I started with painters I was most drawn to and quickly discovered it was their late work that fascinated me, the changes that occurred in their work due to frailty, or fame and its expectations, or the diminishment of their mental or visual faculties, or a world falling apart around them, or depression or grief or anger at seeing the world pass them by. The commonality was that they kept on working. When I saw that thread, I had my project.

It has really been fun, offering lots of variety: research, the challenge of finding an entry point for each artist, constructing the poems to reflect something of the artist’s sensibility (grids for Agnes Martin, series for Georgia O’Keefe, boxes for Cornell) or to find a voice to express Matisse’s struggles with faith, Hopper’s ugly treatment of his wife, Hokusai’s wish to pass on his techniques, Joan Mitchell’s stubborn refusal to compromise with abstract impressionism, and so forth). And so: forth. We’ll see what happens.  

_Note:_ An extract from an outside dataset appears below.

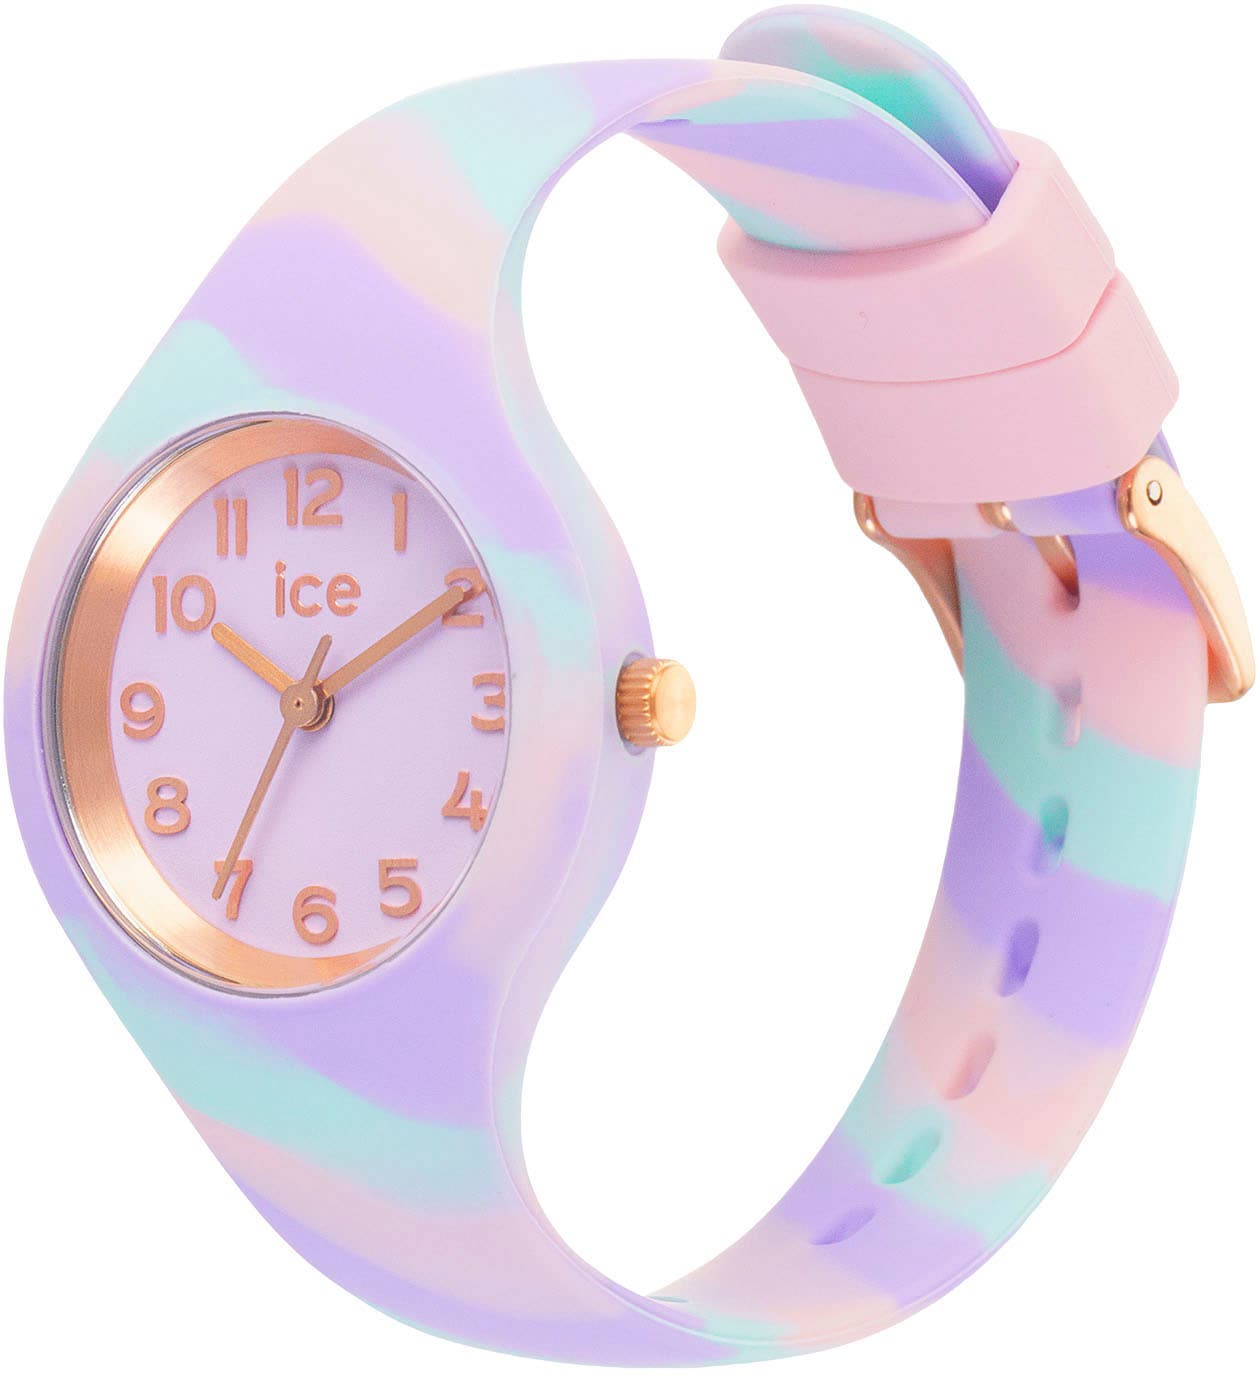 Dies ist eine Liste von ice-watch Quarzuhr »ICE tie and - 021010«, ideal Sweet OTTO - online dye Geschenk als auch bei Extra-Small lilac - 3H

RE: Do you see an evolution in your poetry? Has it changed over the years? If so, or maybe even if not, are there writers, artist, experiences, or other media are an influence on you?

MS: The content certainly change as I am drawn to different subjects through my reading (science, art, the environment, angels, figures of faith, travel, biographies).  I also like to experiment with forms (long forms, sequences, various formal structures). If I am imitating myself, I give myself an assignment or two to break out. But mostly, as you seemed to intuit, I return to first loves: Rilke, Wordsworth, Yeats, Dickinson, George Herbert, Elliot, Frost, Walcott, Bishop, Charles Wright – that’s plenty.) They always teach me.

As to changing over the years, someone, can’t recall who, said that anything you do seriously enough for long enough, you get better at. I hope I’ve gotten better.

RE: How have covid restrictions affected you personally and your writing?

MS: This is such a hard question to answer. My outlook has changed during these past years of viewing life through the lens of global fear and suffering. The solitude that I have always loved and been comfortable with wears a different face these days. Others for whom loneliness was already a burden—what must this be for them? And for those whom death has touched most closely, I can only wish them strength as we emerge from this dark period. As for the traits that have surfaced in our society as we confront what we can’t understand or master, well, they are not all pretty. I’ve learned that it isn’t easy to maintain an awareness of how much pain there is around you and at the same time leave space for joy. It takes conscious choice, not a trait I thought I would have to develop. But I do believe in that larger view I try to keep present in my poetry, and that helps. Poetry helps. It always has.

RE: Do you have other creative outlets beyond writing or what do you do for fun?

MS: I love just being with my husband. Such luck! We walk together, cook together, complain about politics together. Reading widely is essential to us both. I can’t imagine a day without several hours of reading. Travel used to be part of my life, but I suspect that’s over for a time. I do miss my friends and former students with whom I used to meet frequently, and, not a fan of zoom, I’m looking forward to those first catch-up sessions. I hope soon.